Pretty much everything you need to know about Sundered is encapsulated in this picture:

Oh my

That’s the first boss.

The premise of the game is that you are a human (?) adventurer who gets sucked into a desert temple by some tentacles, and are tasked with defeating some monstrosities by the Shining Trapezohedron. If that sounds Lovecraftian, it is. In fact, that being in particular is straight-up from a Lovecraft book, and the rest of the game takes heavy, sometimes direct, direction from the genre.

Indeed, the eerie disquietness of the game proper has been a wholly unique experience for me. I have seen tentacled monsters with teeth and eyes in all the wrong places in games before. That’s common.

Pictured: tentacle monster with teeth and eyes in wrong places.

What I never really experienced is a sense of trepidation regarding a gorgeous, hand-drawn background that features nary a monster or blood stain, but simply a construction completely out of human scale. The whole time, you are immersed in an environment very clearly not made for you. Hell, even the Sanctuary – the place where you spend Shards to increase your stats – feels “off” due to the massive, smooth stone in the background. It reminds me of looking up at a skyscraper from the street, and feeling as though the whole thing is moments away from falling on me.

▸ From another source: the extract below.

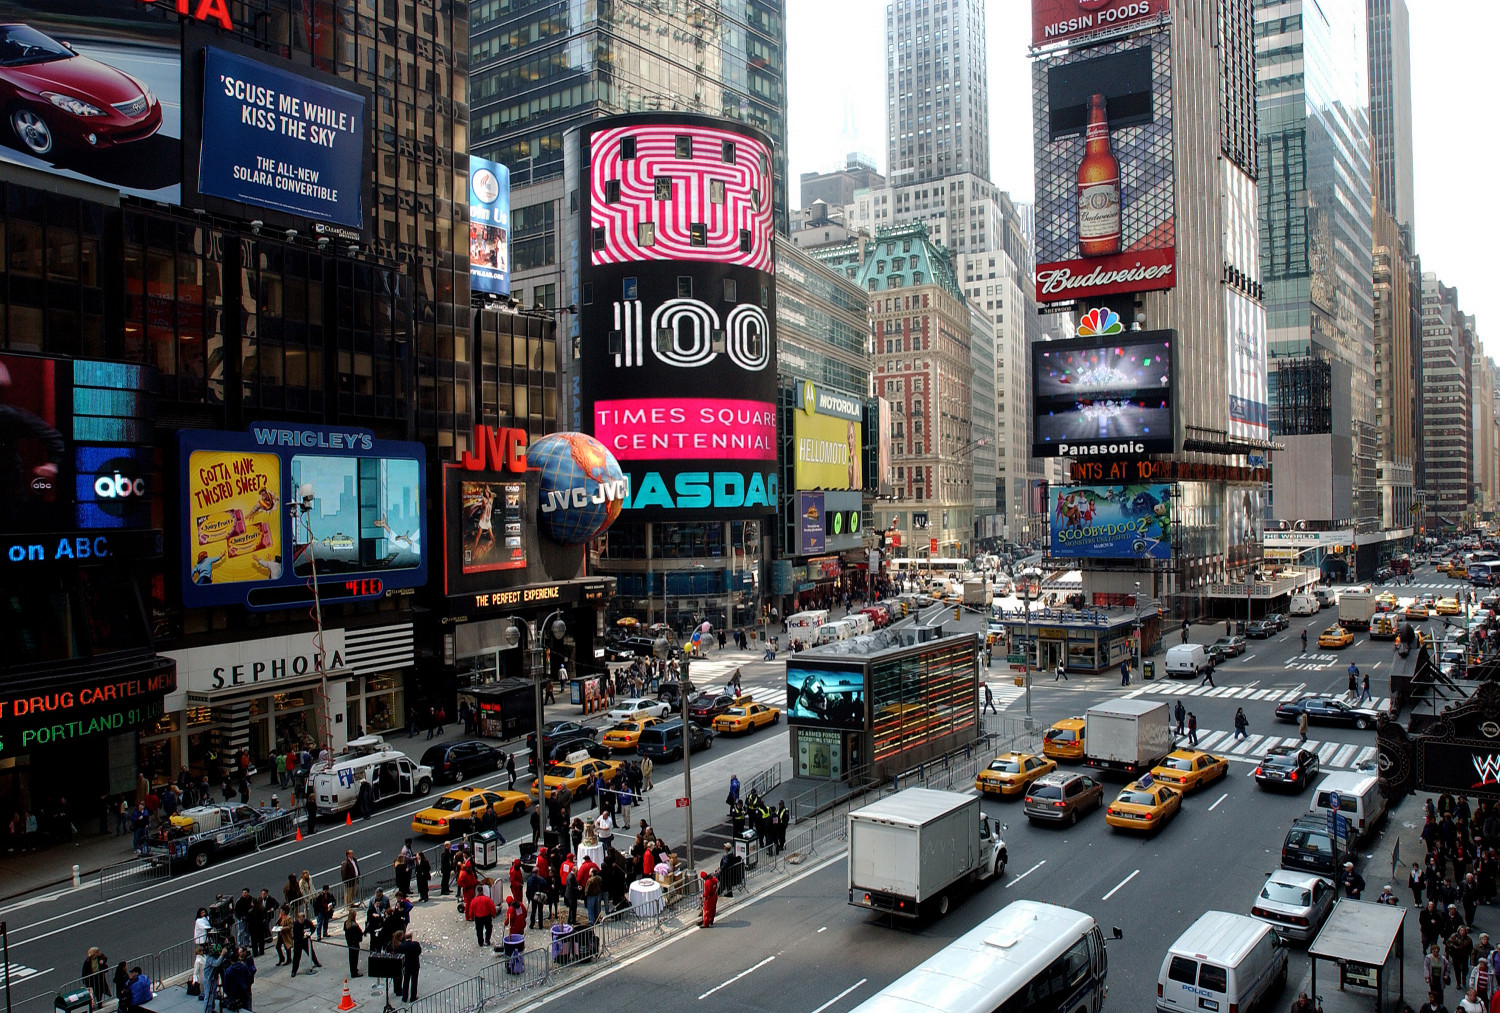 Man Arrested After Police Say He Was Plotting to Throw Grenades at People in Times Square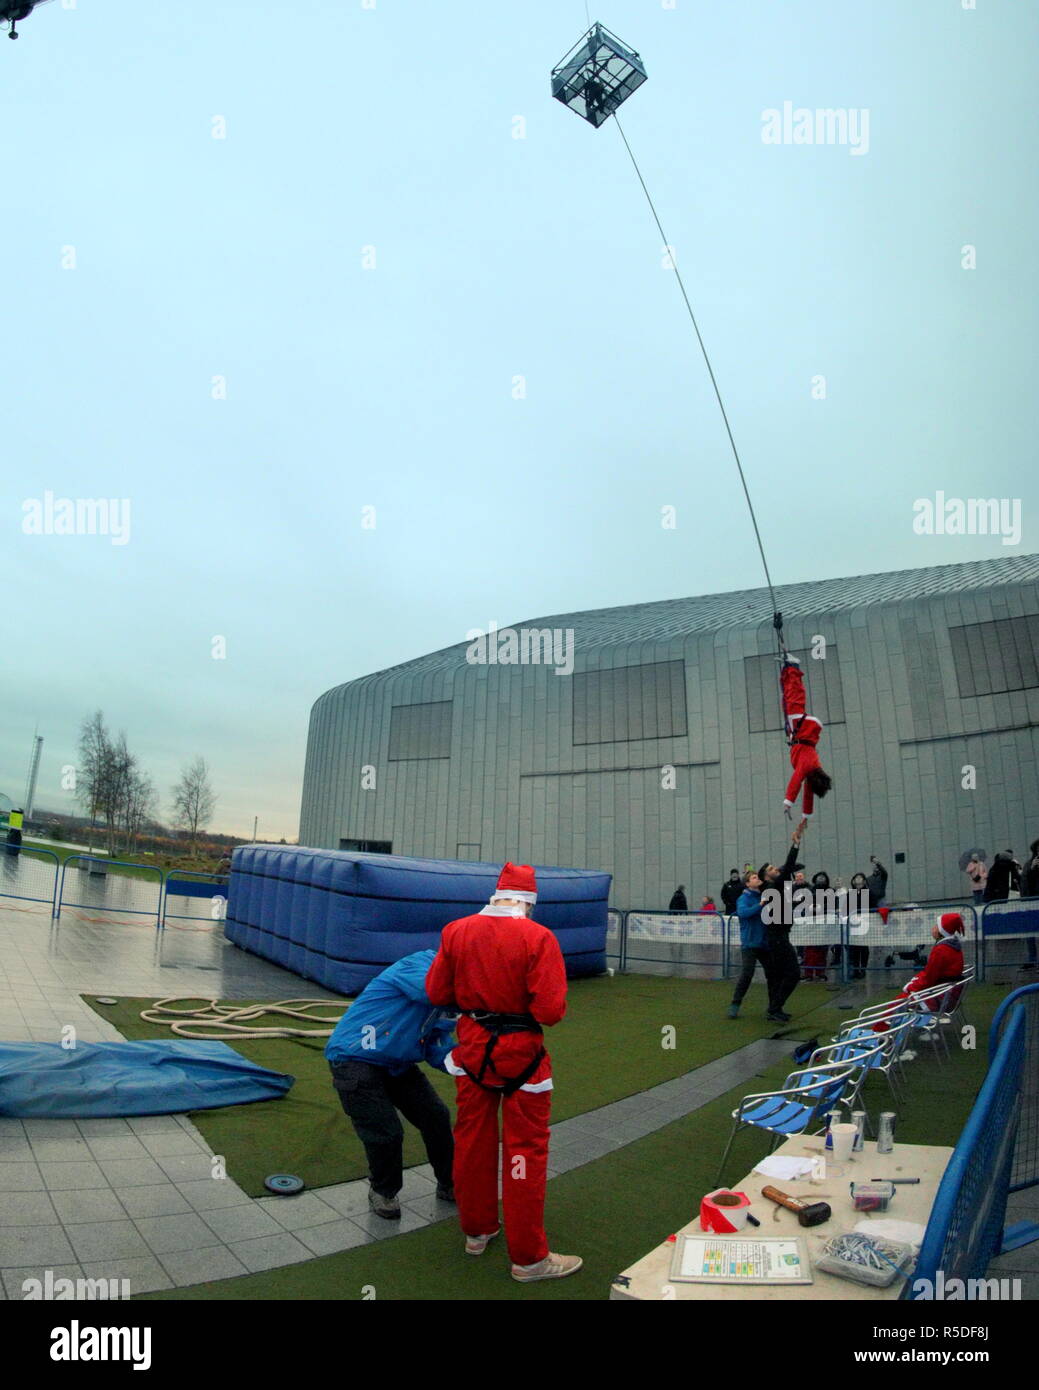 Glasgow, Scotland, UK 1st December, 2018. The annual Riverside Christmas Festival in the  famous city Riverside  transport museum today as well as its markets inside and fairground attractions outside had Christmas Santas aleaping for charity as people bungee jumped in costume for various charities with the uk Bungee club.  Gerard Ferry/Alamy news Credit: gerard ferry/Alamy Live News Stock Photo

The weakness of Sundered comes from its gameplay direction. It plays as a semi-modern Metroidvania, akin to Hollow Knight or Ori and the Blind Forest. However, the map features no pre-set monster spawns, and has randomly-generated sections that change upon your death. You will be randomly beset upon by “hordes,” which are essentially a dozen or so enemies at a time. Defeating them sometimes grant you Shards, which is a currency used to purchase your way through a FFX/Path of Exile-esque ability grid.

Ah, yes, just make a right at the corner of Ehshkht’aetag’ling and Kytag’yeh.

The gameplay loop itself doesn’t necessarily feel bad, and the horde spawning mechanic does allow you to take in the environment more than if there were set spawns in specific locations every time. But it does end up feeling… weird. And not the Lovecraftian weird, but the sort of “okay, here we go again” weird. Also the “weird” in which you might find yourself overwhelmed and possibly dead due to what feels like random chance. For example, you might have been able to easily handle a specific horde composition if you were not “ambushed” in a tight corridor with spikes everywhere.

In any case, if you can persist through the first hour or so of the game, before you have unlocked any interesting abilities or encountered tricky enemies, you will possibly come out the other side… changed, as I did. I have not quite played a game that made me feel this way, not even The Forest or other traditional survival horror games.

In those games, the monsters were the invaders. In Sundered, it is you who doesn’t belong.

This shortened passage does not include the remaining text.